▸ **The problem**: Make an exact copy of the listing underneath, skipping each picture.

▸ **The data**:
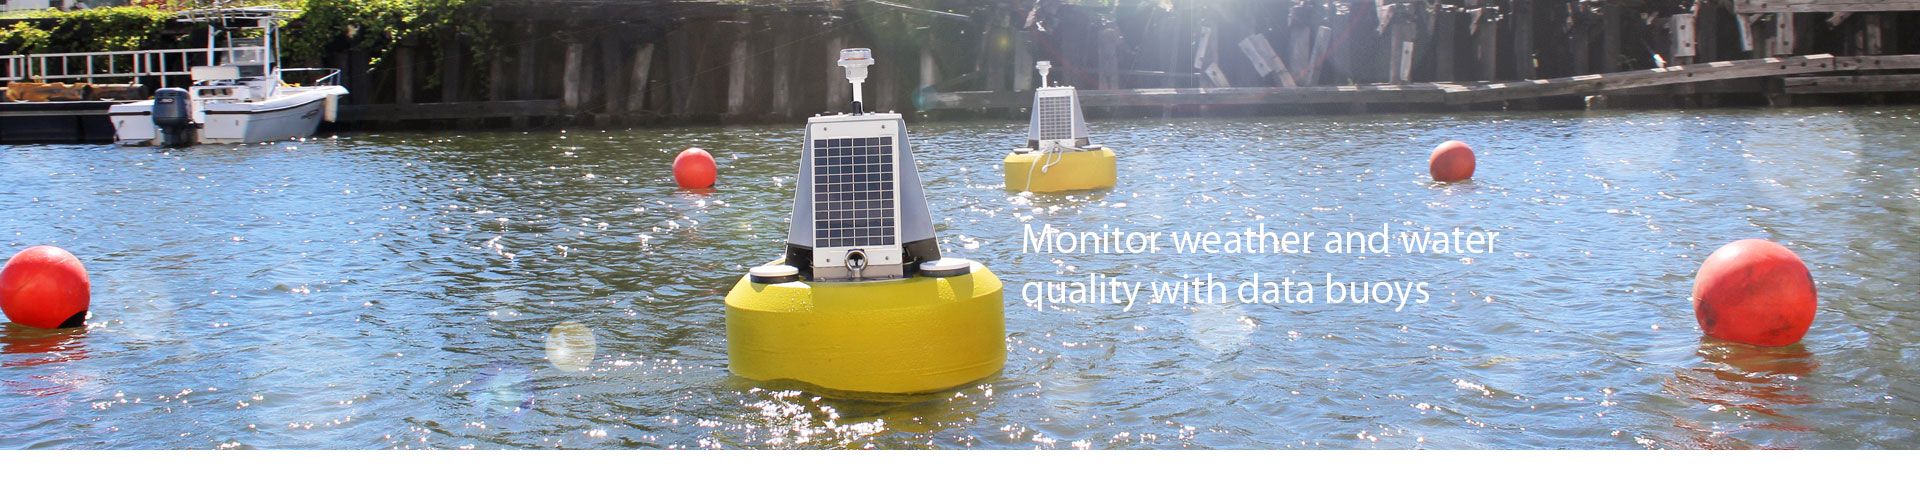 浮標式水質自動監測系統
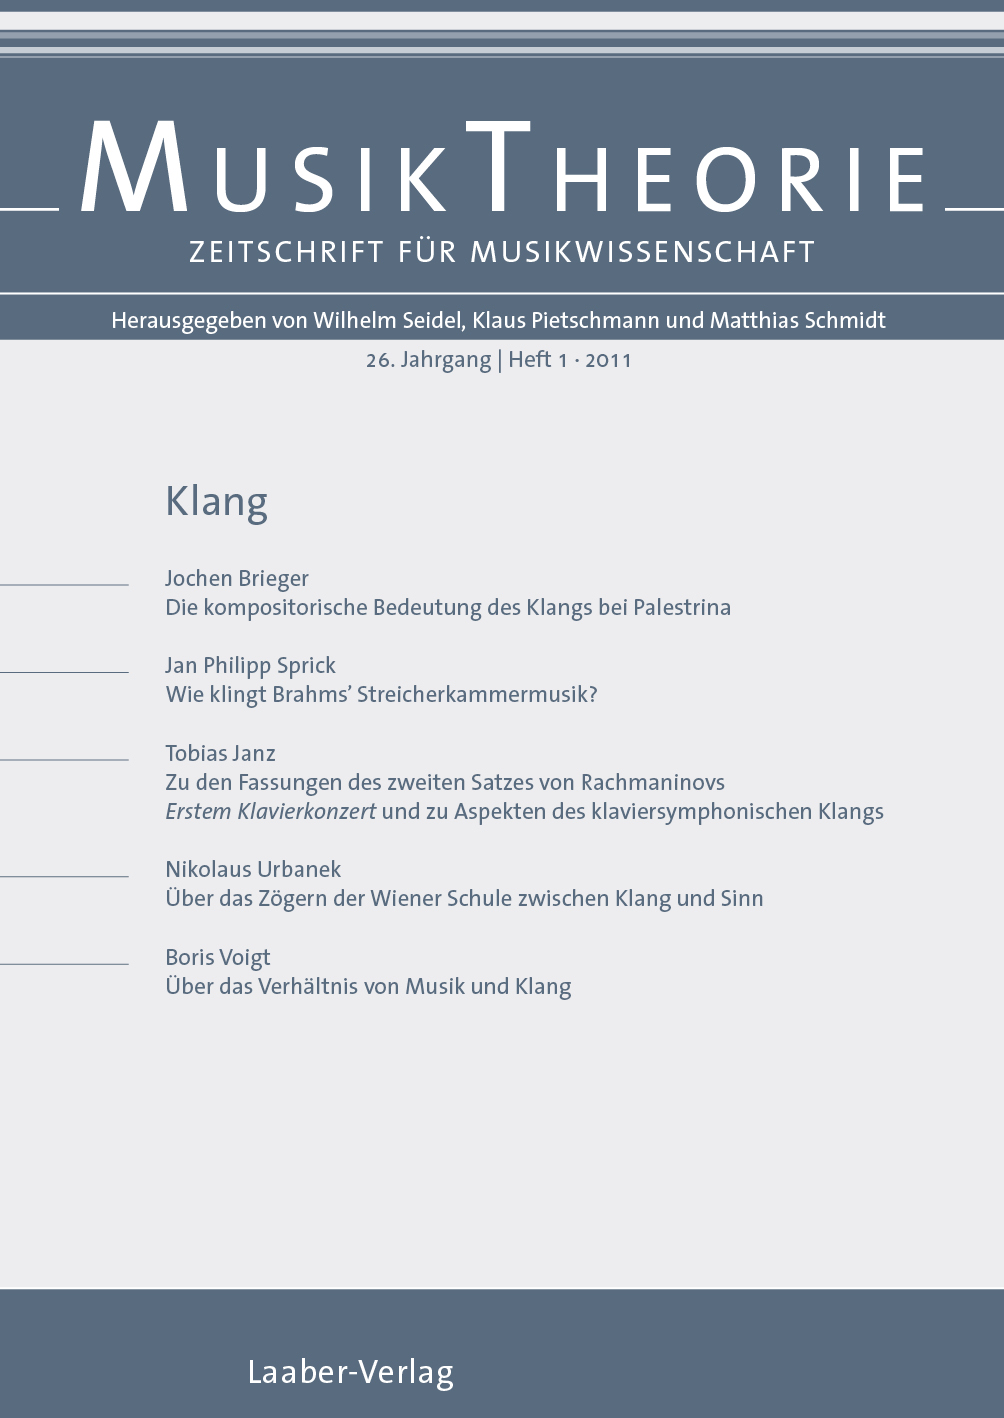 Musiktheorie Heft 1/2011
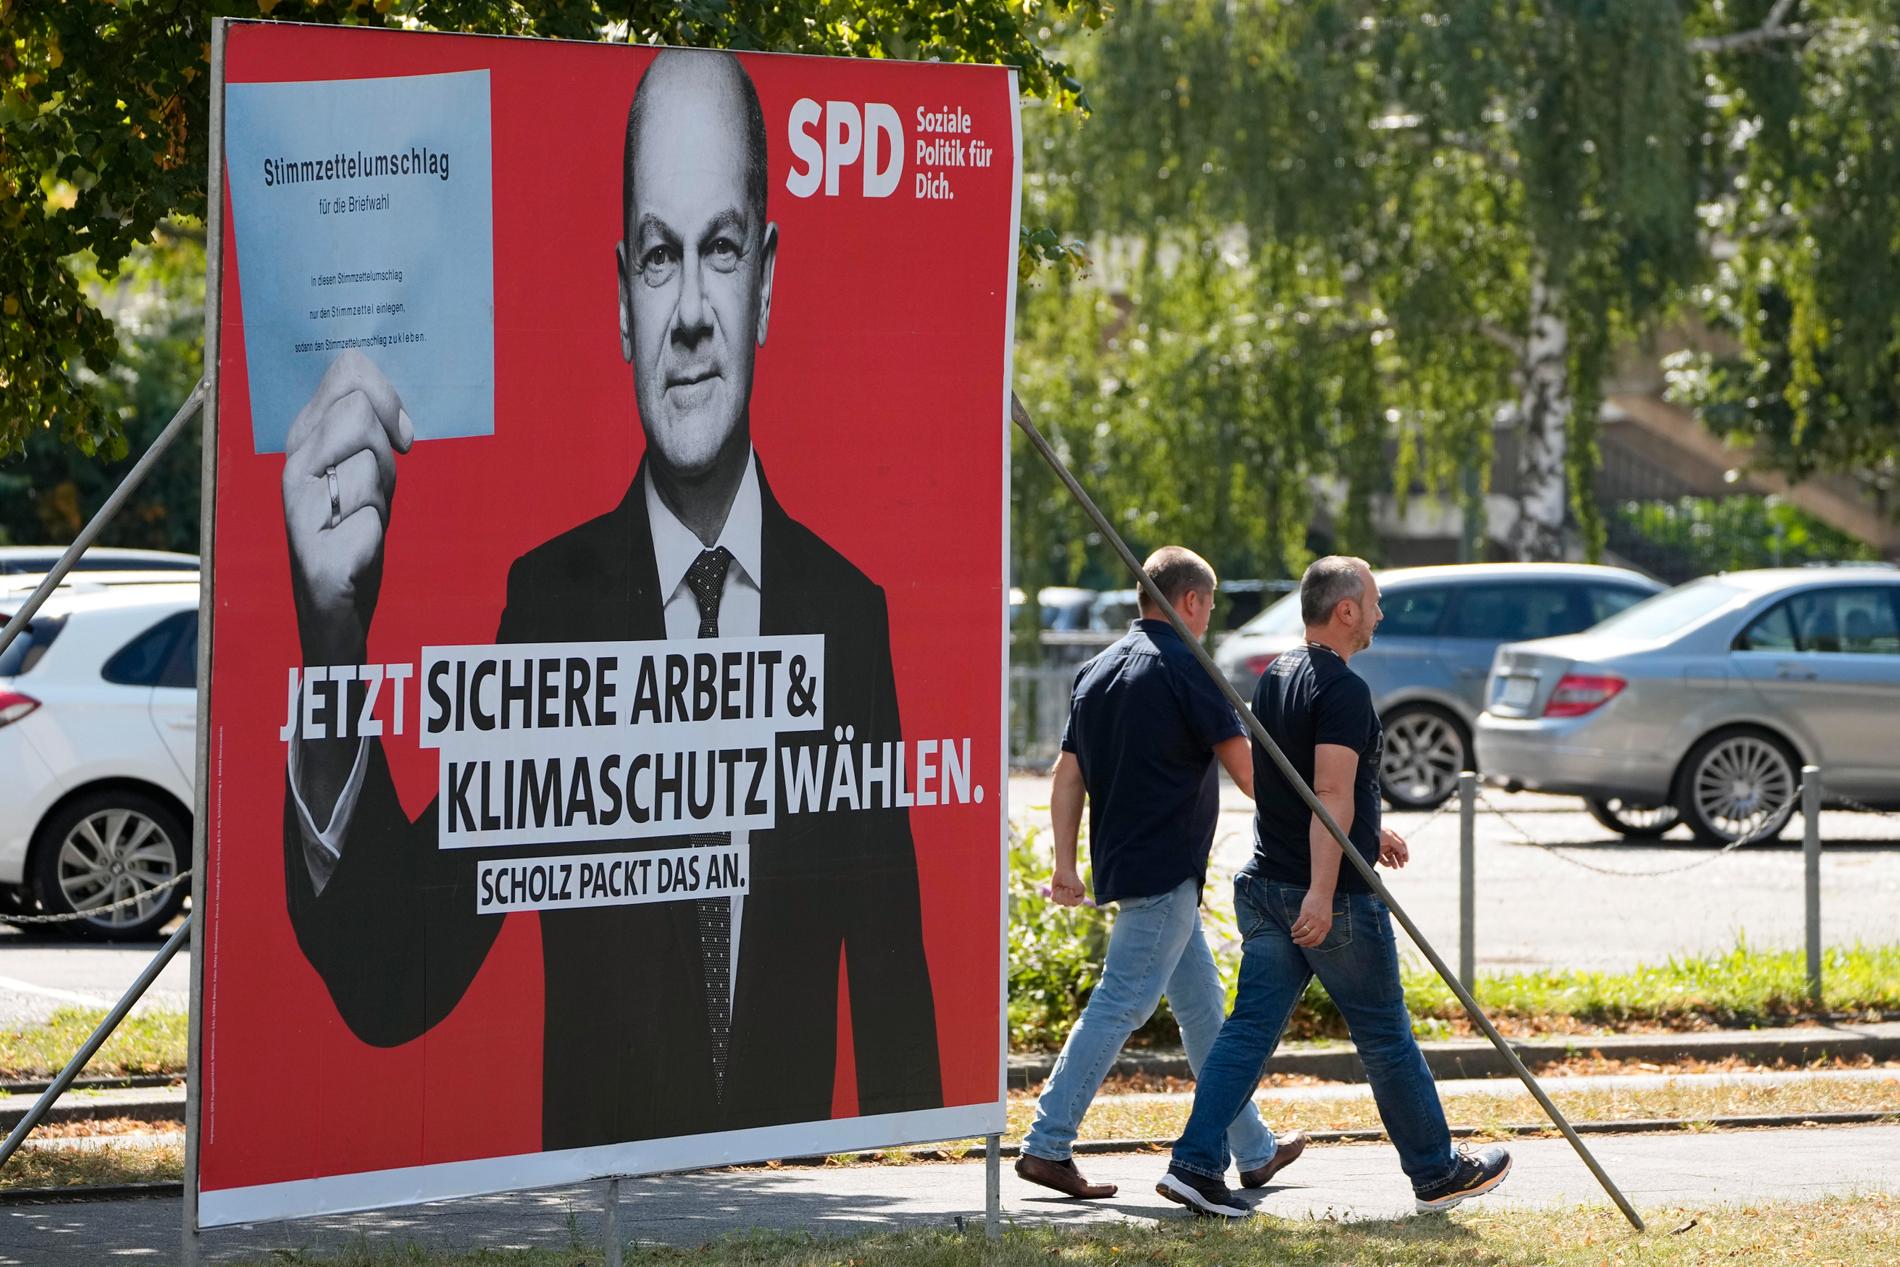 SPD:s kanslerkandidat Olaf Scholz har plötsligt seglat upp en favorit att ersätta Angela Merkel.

▸ **Exercise output**:
 浮標式水質自動監測系統
 Musiktheorie Heft 1/2011
 SPD:s kanslerkandidat Olaf Scholz har plötsligt seglat upp en favorit att ersätta Angela Merkel.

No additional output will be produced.